Keywords: 2-Oxoglutarate dependent dioxygenase
Arabidopsis thaliana
Cruciferae
Flavonoids
Flavonol synthase
Quercetin
Site-directed mutagenesis
Issue Date: 2008
Source: Chua, C.S., Biermann, D., Goo, K.S., Sim, T.-S. (2008). Elucidation of active site residues of Arabidopsis thaliana flavonol synthase provides a molecular platform for engineering flavonols.
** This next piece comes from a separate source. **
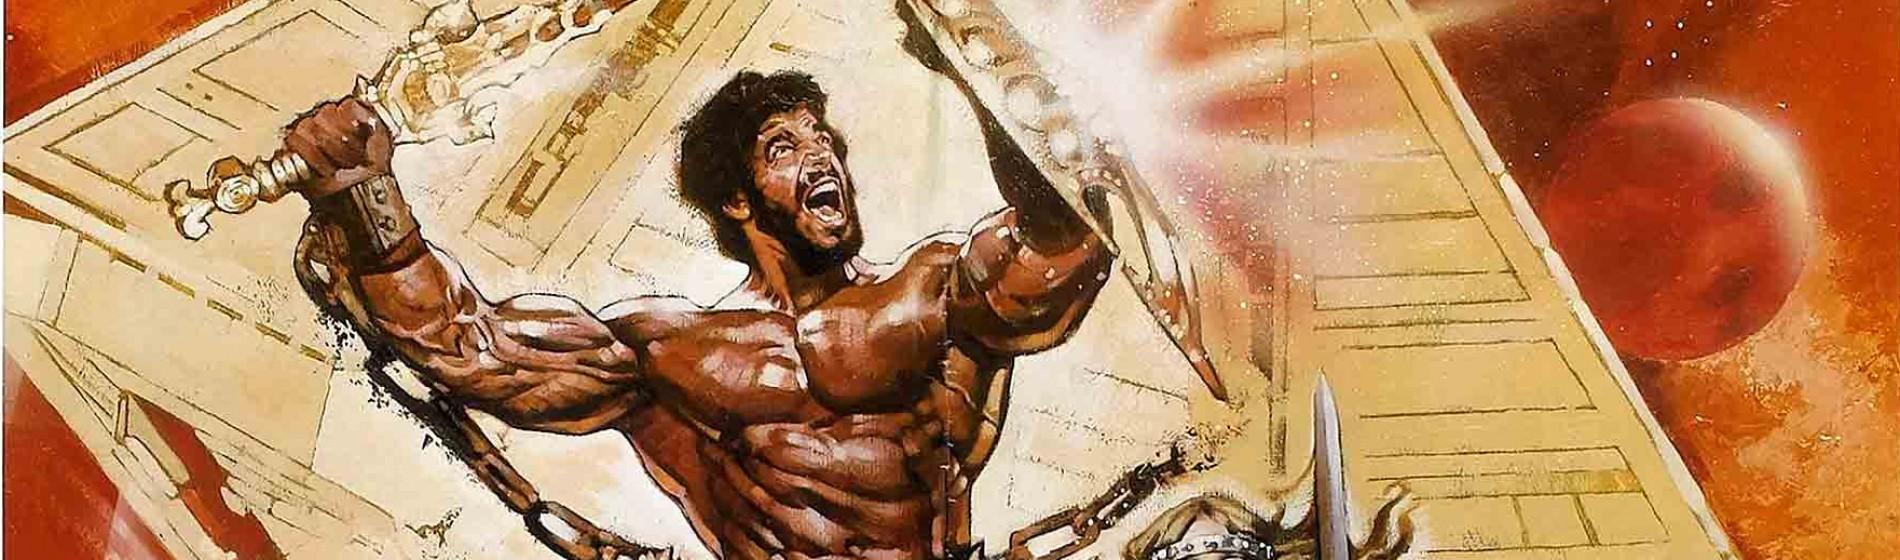 Hercules (1983) Poster

Phytochemistry 69 (1) : 66-75. ScholarBank@NUS Repository. https://doi.org/10.1016/j.phytochem.2007.07.006
Abstract: Arabidopsis thaliana flavonol synthase (aFLS) catalyzes the production of quercetin, which is known to possess multiple medicinal properties. aFLS is classified as a 2-oxoglutarate dependent dioxygenase as it requires ferrous iron and 2-oxoglutarate for catalysis. In this study, the putative residues for binding ferrous iron (H221, D223 and H277), 2-oxoglutarate (R287 and S289) and dihydroquercetin (H132, F134, K202, F293 and E295) were identified via computational analyses. To verify the proposed roles of the identified residues, 15 aFLS mutants were constructed and their activities were examined via a spectroscopic assay designed in this study. Mutations at H221, D223, H277 and R287 completely abolished enzymes activities, supporting their importance in binding ferrous iron and 2-oxoglutarate. However, mutations at the proposed substrate binding residues affected the enzyme catalysis differently such that the activities of K202 and F293 mutants drastically decreased to approximately 10% of the wild-type whereas the H132F mutant exhibited approximately 20% higher activity than the wild-type. Kinetic analyses established an improved substrate binding affinity in H132F mutant (Km: 0.027 ± 0.0028 mM) compared to wild-type (Km: 0.059 ± 0.0063 mM). These observations support the notion that aFLS can be selectively mutated to improve the catalytic activity of the enzyme for quercetin production. © 2007 Elsevier Ltd. All rights reserved.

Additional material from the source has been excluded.